Targeting Internal Ribosome Entry Site Transacting Factors

Institution: Stanford University
Investigator(s): Mark Pegram, M.D. -
Award Cycle: 2017 (Cycle 23) Grant #: 23IB-0010 Award: $236,225
Award Type: IDEA
Research Priorities
Biology of the Breast Cell>Pathogenesis: understanding the disease

Initial Award Abstract (2017)

Non-technical overview of the research topic and relevance to breast cancer: In order for cells to function and to survive, they have to make proteins. After all, proteins are the “executioners” of all the instructions contained in the genetic code. Indeed, new protein synthesis is THE most energy-consuming function of the cell, particularly in cancer cells, because of their relatively rapid rate of growth compared to normal cells. Breast cancer cells live in a rather hostile environment, called the “tumor microenvironment”. Common characteristics of the breast cancer microenvironment include: acid pH, inflammation, nutrient deprivation, and low oxygen, not to mention exposure to genotoxic stress from chemotherapy and radiation exposure, as well as hormone deprivation – all resulting from common treatment approaches used in the clinic. Moreover, metastatic breast cancer cells must survive in completely different tissue environments outside the breast that are foreign to them. Accordingly, conditions in the breast cancer microenvironment lead to enormous cell stress. Under such stress conditions, the normal mechanism of protein production (called “cap-dependent” protein synthesis) is shut down. So how do breast cancer cells survive -- indeed somehow even manage to thrive with this insult? They shift to an alternate mechanism of protein production called “alternative protein translation” (translation simply means manufacture or building of proteins). This alternative pathway uses structures, called “IRESs”, instead of the “cap” to initiate building of new proteins. Many viruses use this exact same process in order to make new virus proteins during active viral infections. In fact, a number of large drug companies are attempting to identify IRESs as drug targets for new anti-viral drugs. In cancer, a family of newly discovered proteins called “ITAFs” (short for IRES-TransActing Factors) help to orchestrate the whole process of alternative protein translation. And numerous cancer driving proteins (called onco-proteins) have recently been discovered to harbor IRES motifs.

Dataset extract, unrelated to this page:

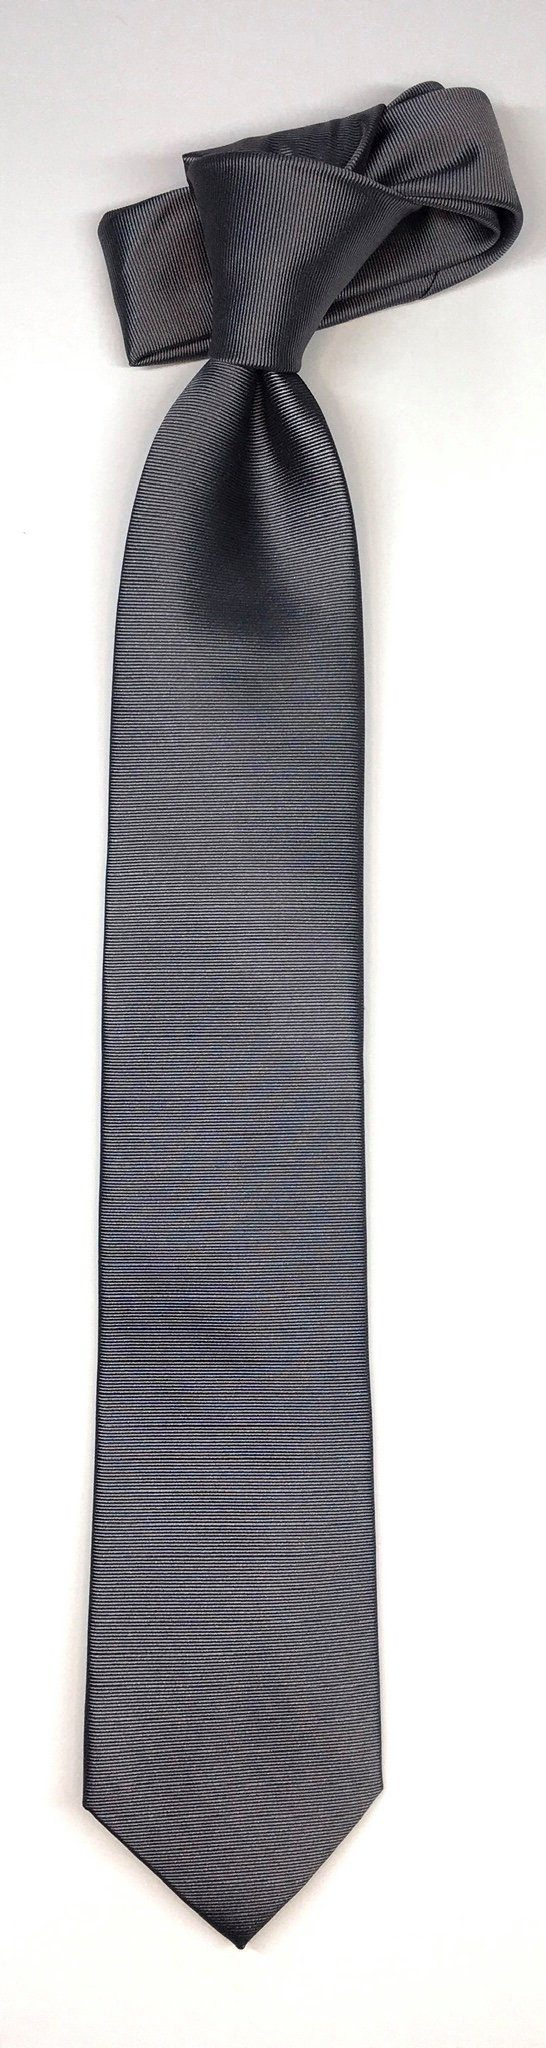 Seidenfalter Krawatte Seidenfalter Uni 7cm im Design Seidenfalter edlen Krawatte Uni Silber Krawatte
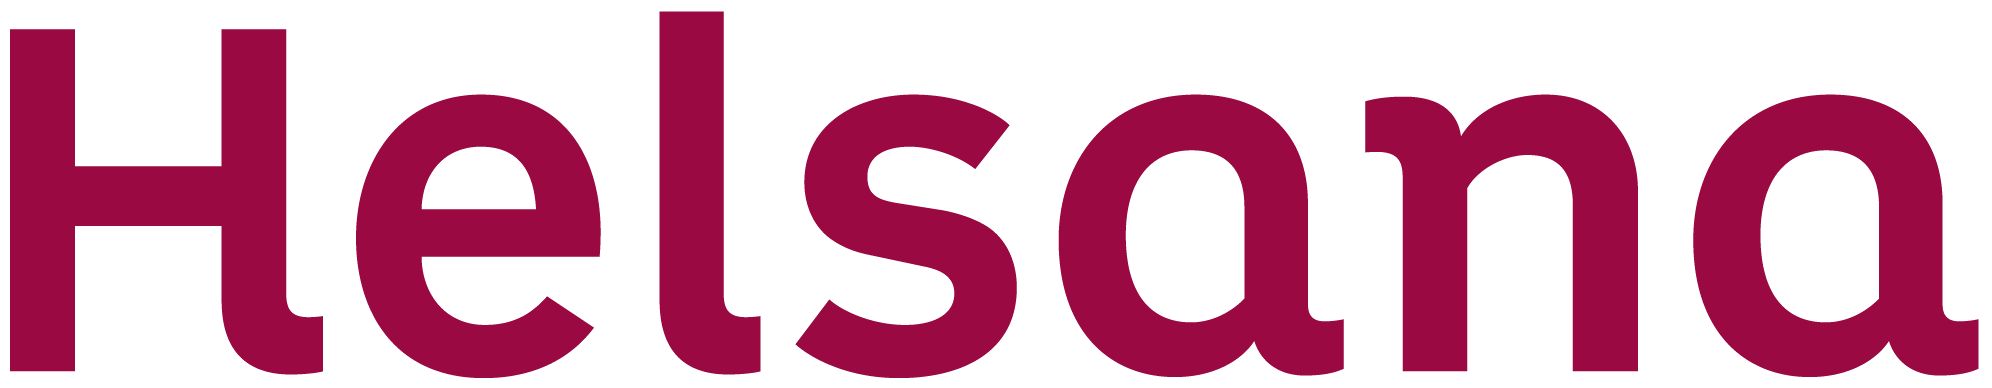 logo helsana

Central hypotheses of the research: The overall goal of this proposal is to examine whether ITAFs, which control the expression of cancer-driving proteins, can be effective drug targets. This proposal specifically examines two ITAFs, one called Interleukin Enhancer Binding Factor 2 (ILF2), the other Splicing Factor Proline/Glutamine Rich (SFPQ).

General methodology: Our laboratory has recently determined that the levels of ILF2 and SFPQ are increased in BC, and that higher levels of these two ITAFs predict poorer overall survival in BC patients. We also plan to elucidate whether or not HER2 has an IRES (particularly for a truncated version of HER2 called p110HER2 that appears to be a bad actor in driving cancer growth, causing drug resistance to drugs like trastuzumab (Herceptin?). Achieving the aims of this proposal will provide critical information by determining the conditions that regulate ITAFs, elucidating their mechanism of action in BC cells, characterizing the effect of targeting ITAFs on BC cells, and for the first time, measuring ITAF levels in clinical BC tumor samples.

Innovative elements and potential impact: Our observation that ITAFs are turned on in BC is an entirely novel line of investigation into breast cancer biology. Our proposed research questions are important to the BC patient and survivor communities because new drug targets that could be exploited can potentially improve long-term clinical outcomes. Understanding of ITAFs’ mechanism(s) of action, and their effect on BC cells, may provide a way to eliminate cancer-driving proteins, potentially leading to a new class of drugs for treating BC. One of the ITAFs (ILF2) to be explored in this research proposal is associated with basal BC, which is usually triple negative, and for which there are very few, if any, effective targeted drug treatments. Basal BC disproportionately afflicts underserved populations, including African Americans and younger women. Following successful completion of this project, a totally new line of investigation in BC will test the possibility that targeting ITAFs could be an important therapeutic advance.